*** Opening of Recorded data ***
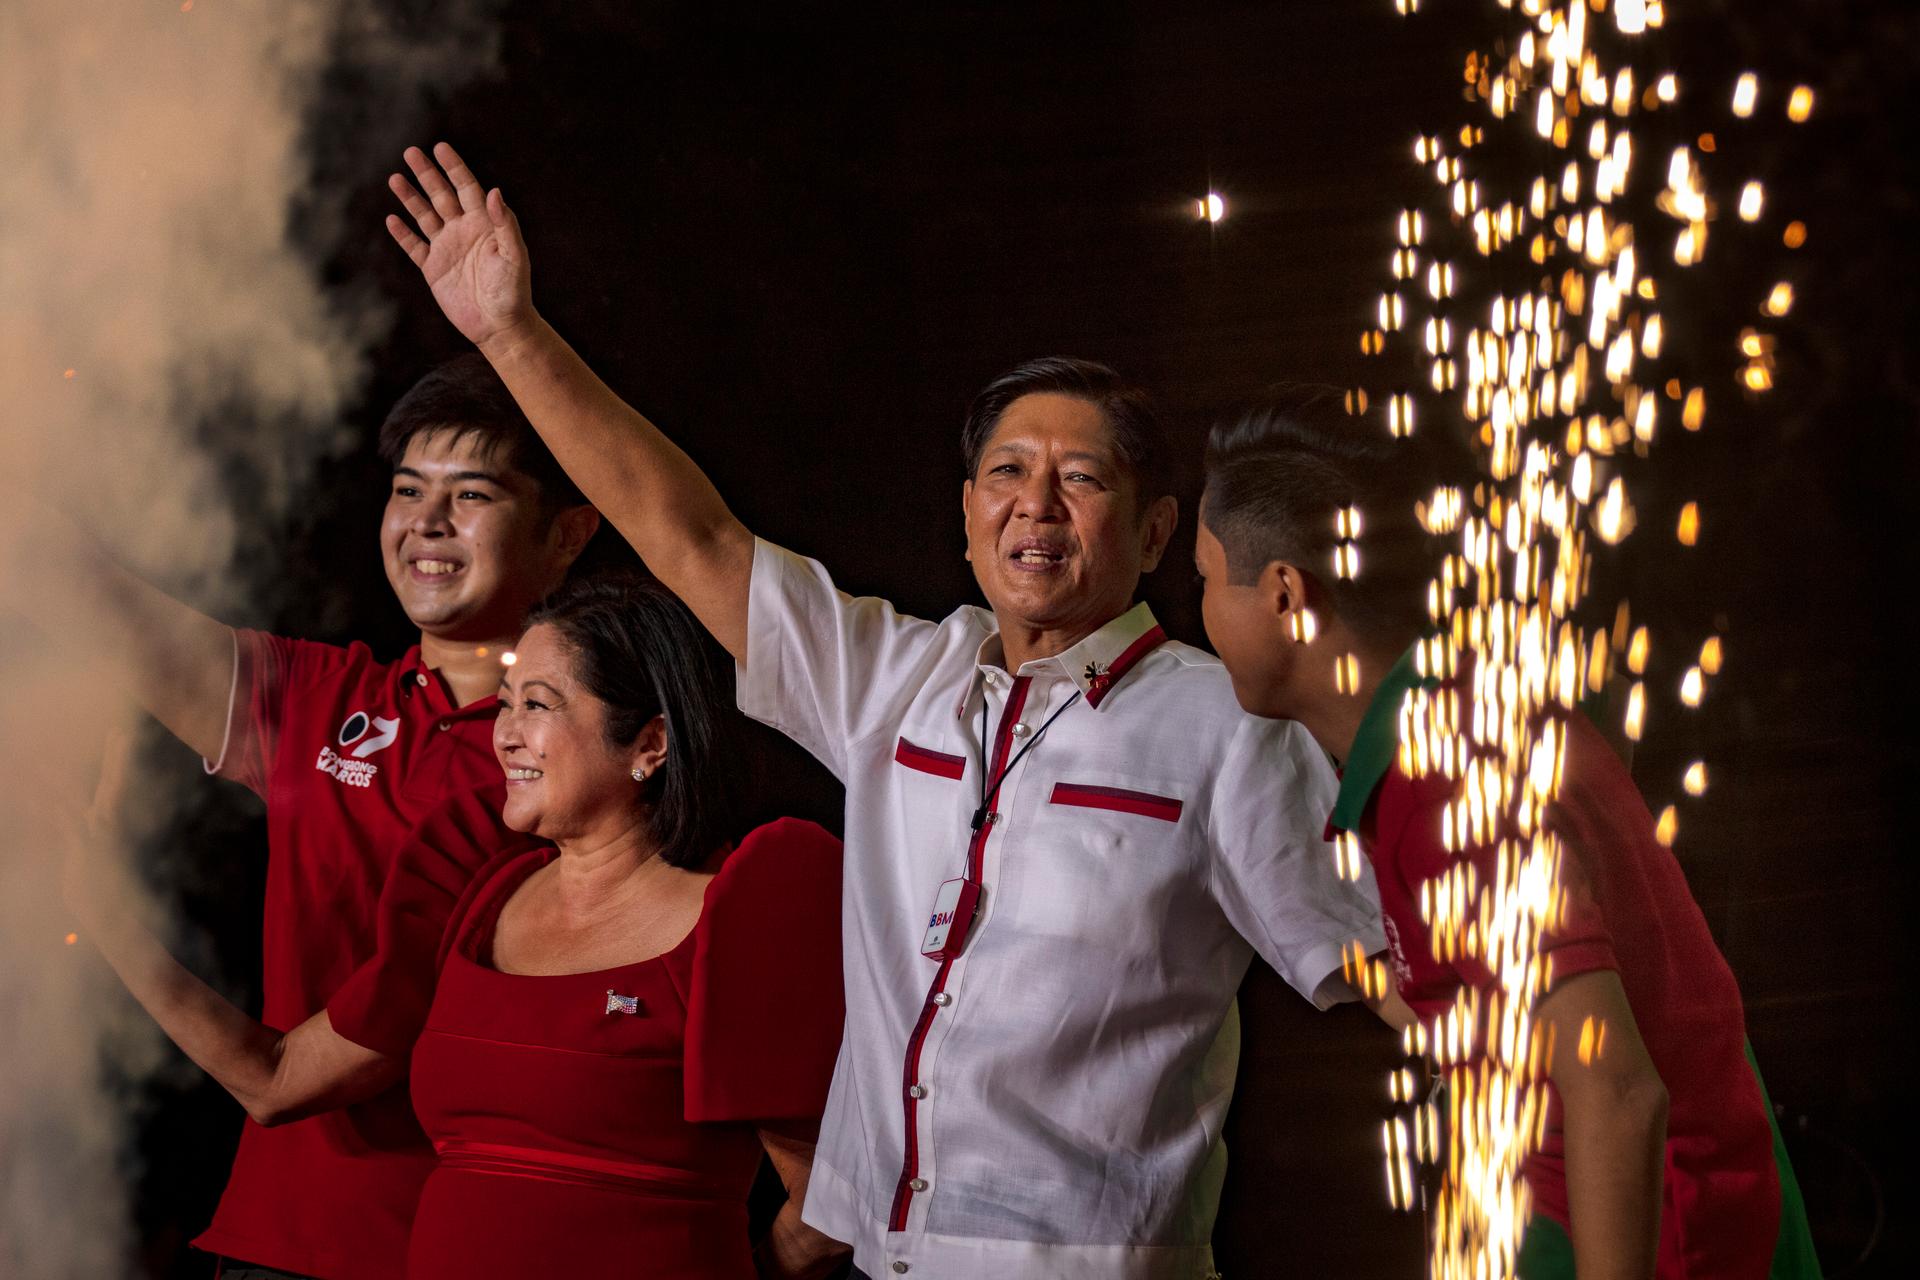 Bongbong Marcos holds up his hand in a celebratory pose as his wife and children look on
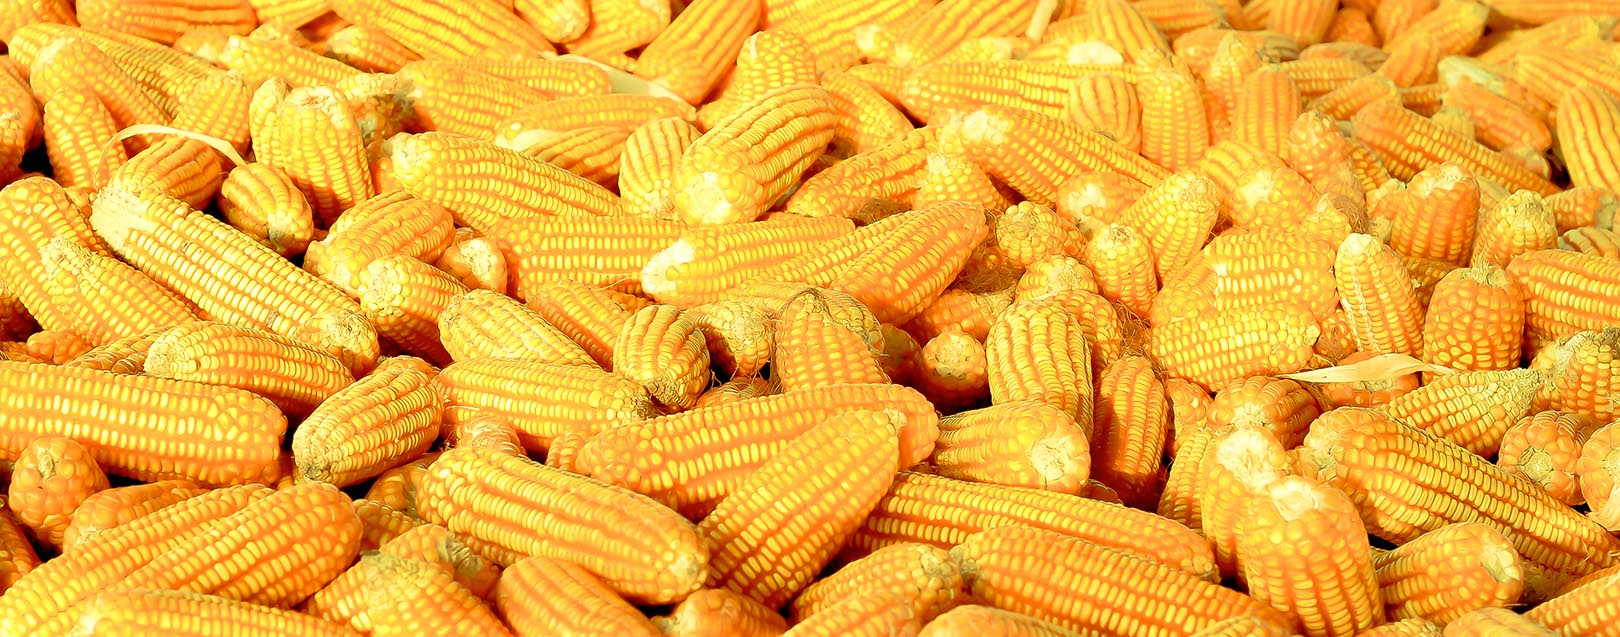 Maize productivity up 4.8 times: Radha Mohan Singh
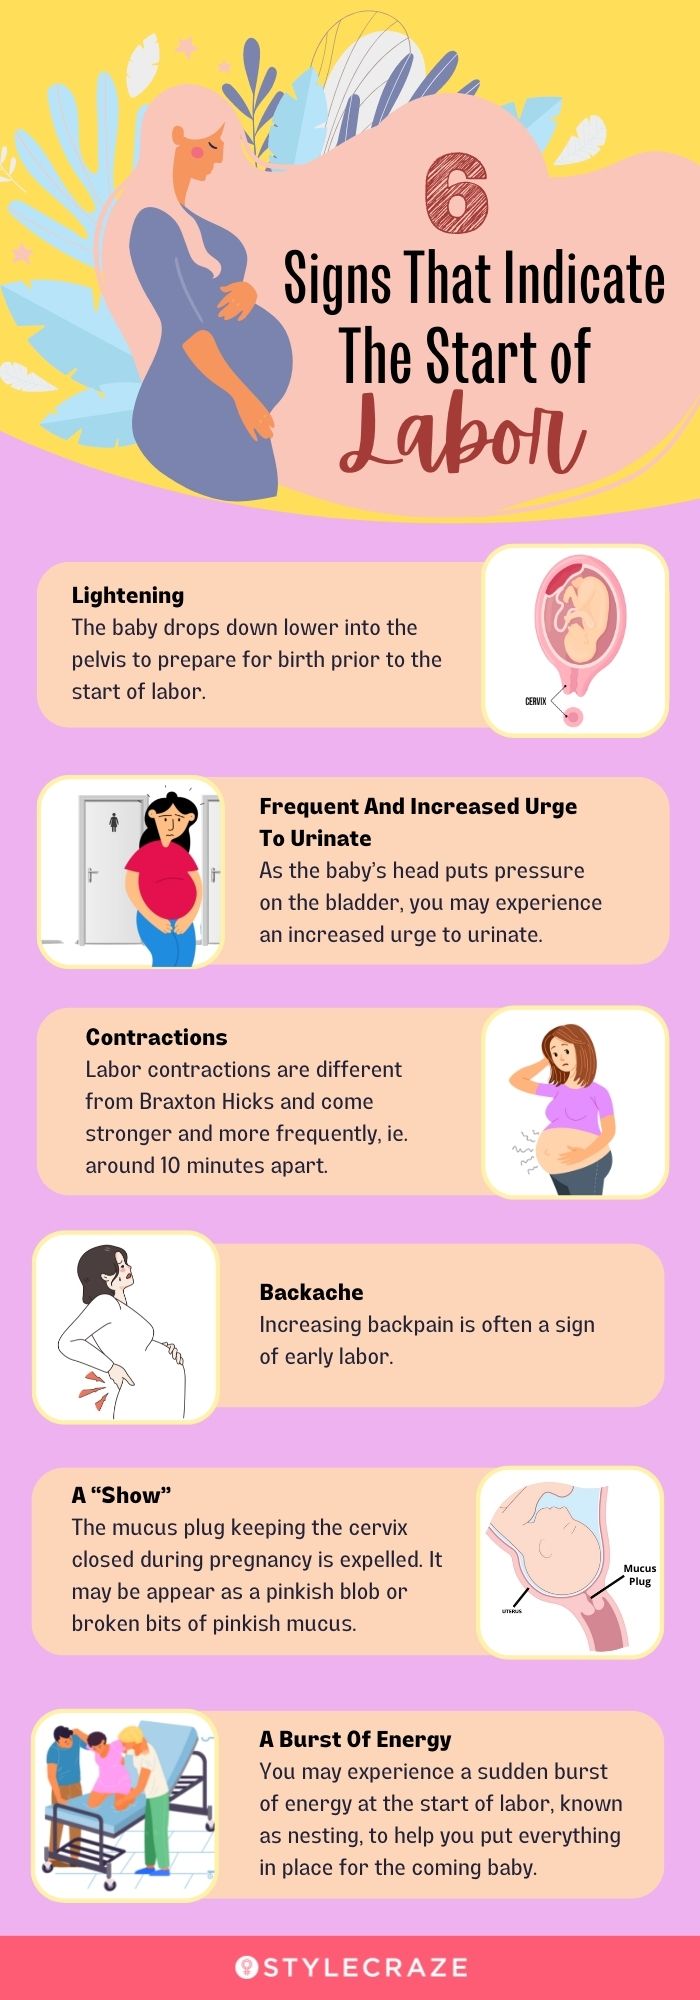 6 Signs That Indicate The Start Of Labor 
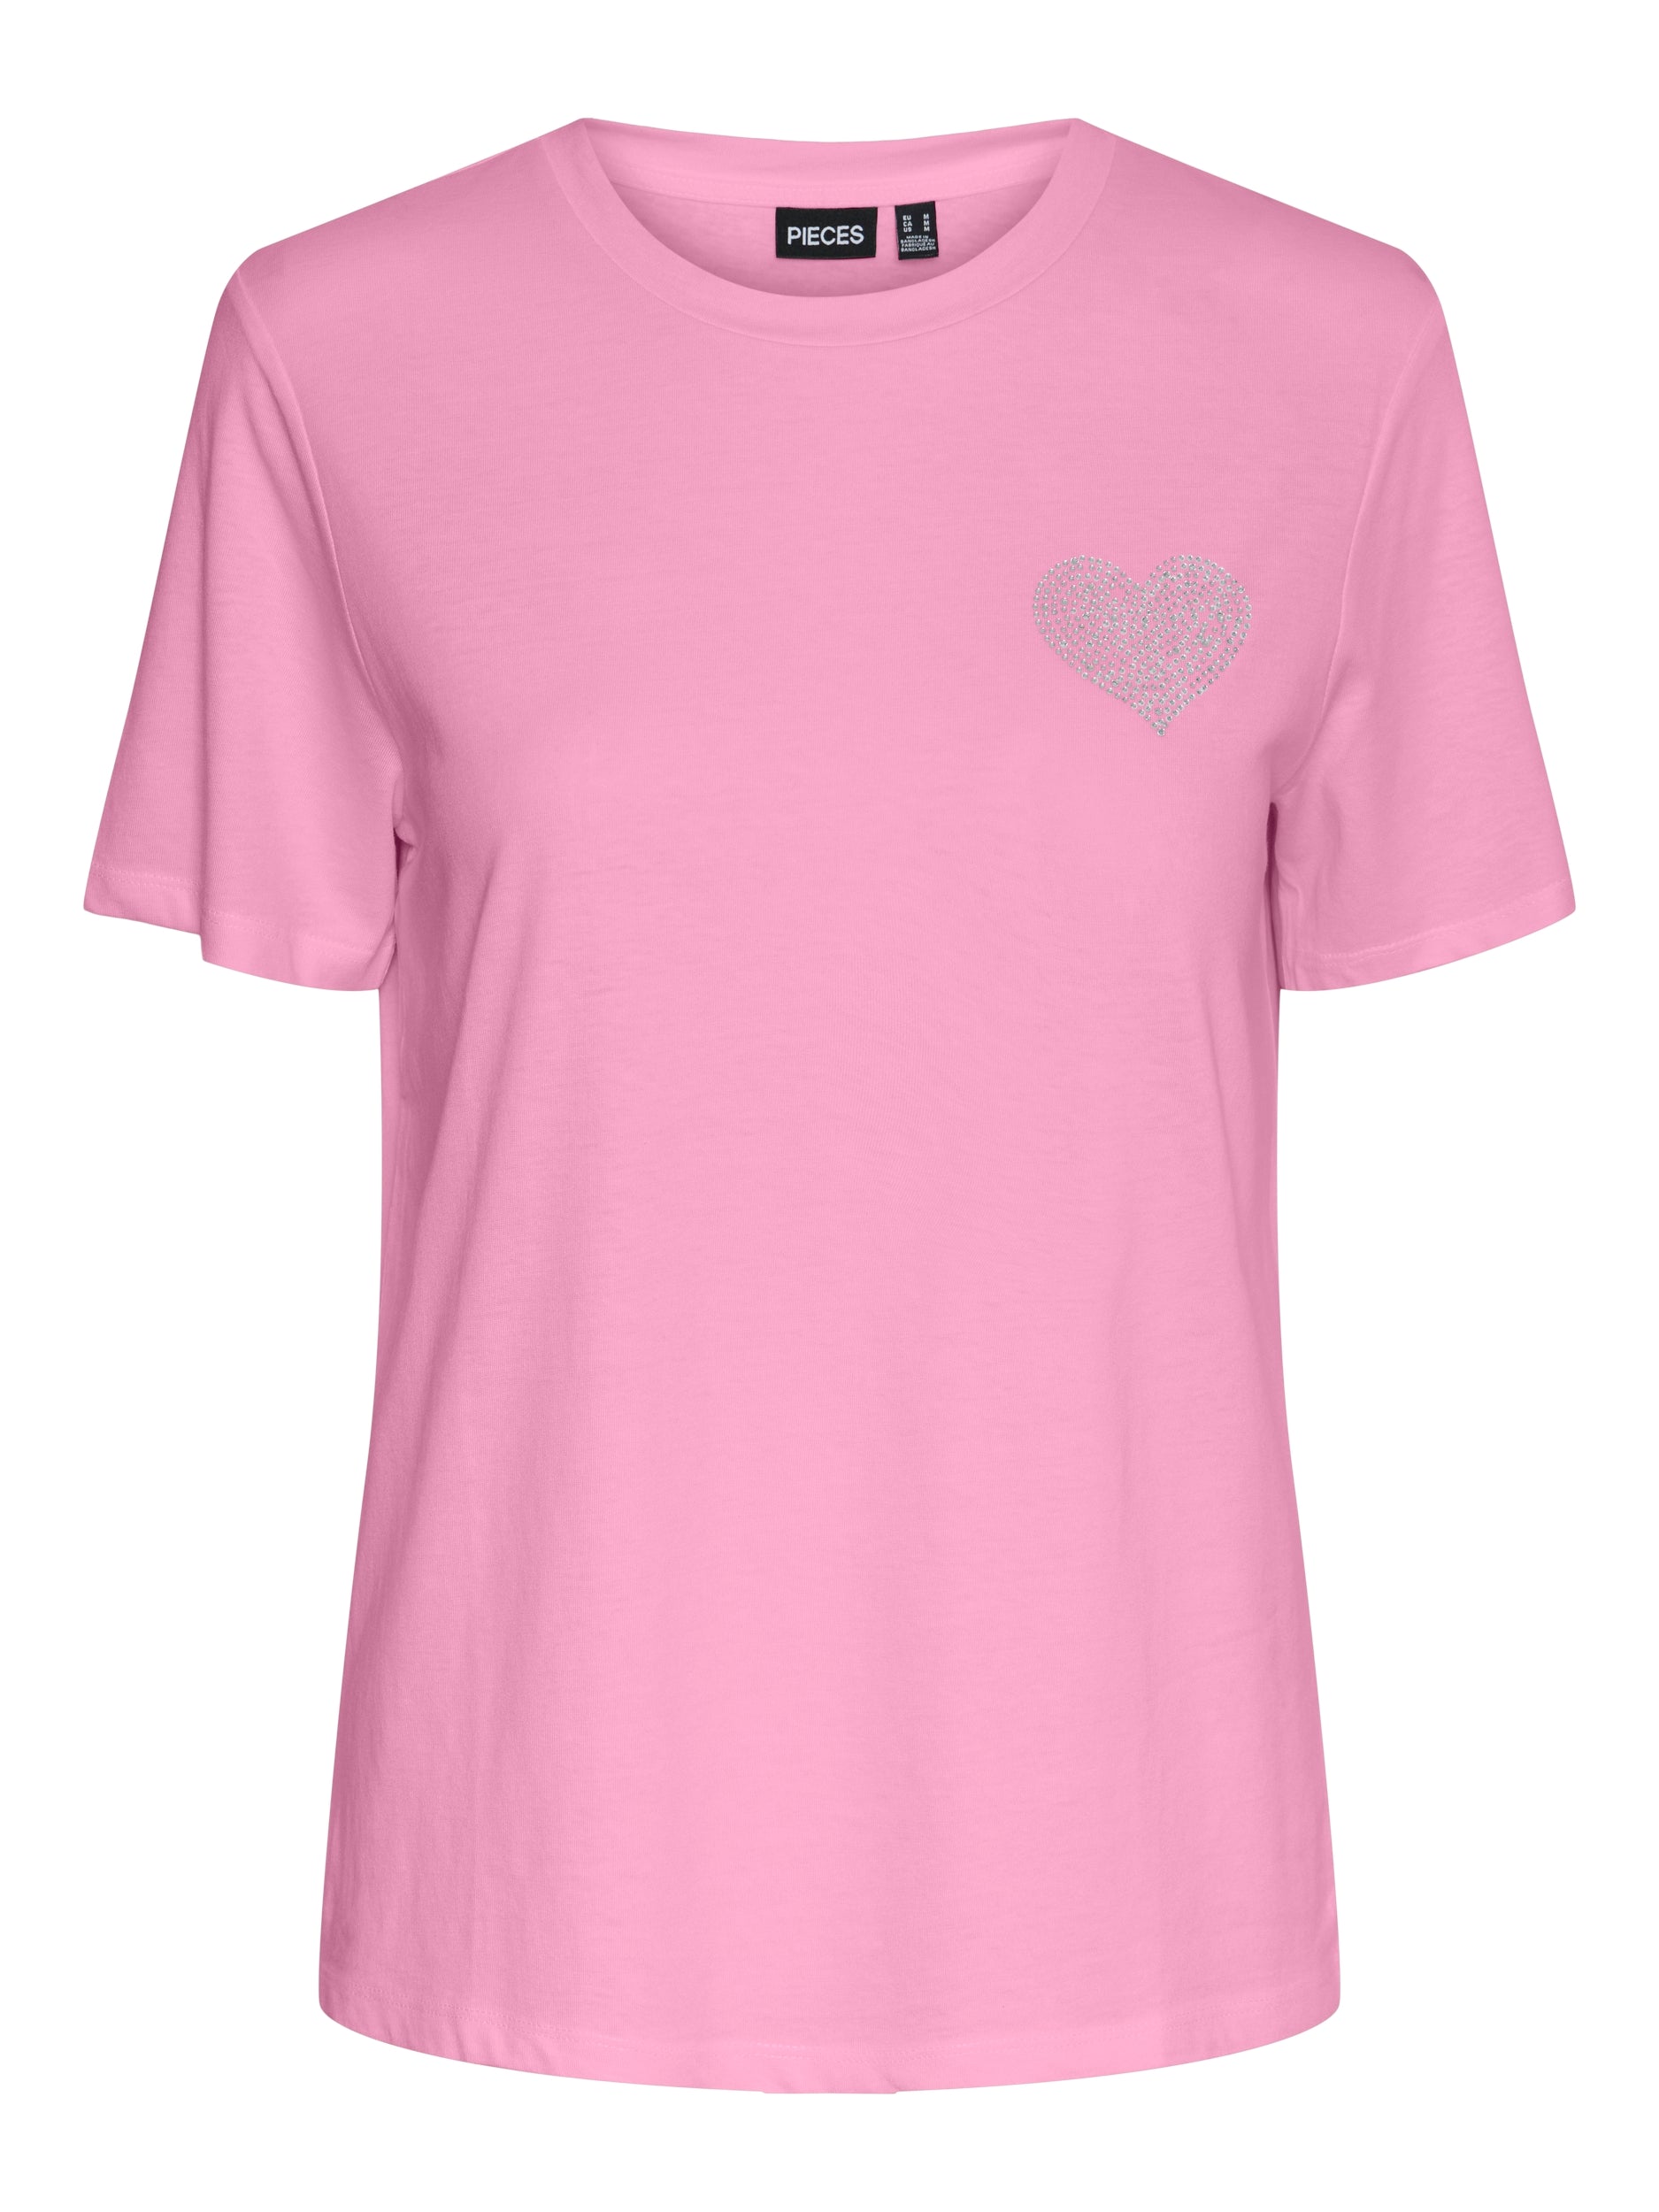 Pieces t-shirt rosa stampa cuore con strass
*** Close of Recorded data ***
Your copy should hold only the lines running from the one that contains "Maize productivity up" through the final line of the data; transcribe them exactly, both ends included, and leave pictures out.

 Maize productivity up 4.8 times: Radha Mohan Singh
 6 Signs That Indicate The Start Of Labor 
 Pieces t-shirt rosa stampa cuore con strass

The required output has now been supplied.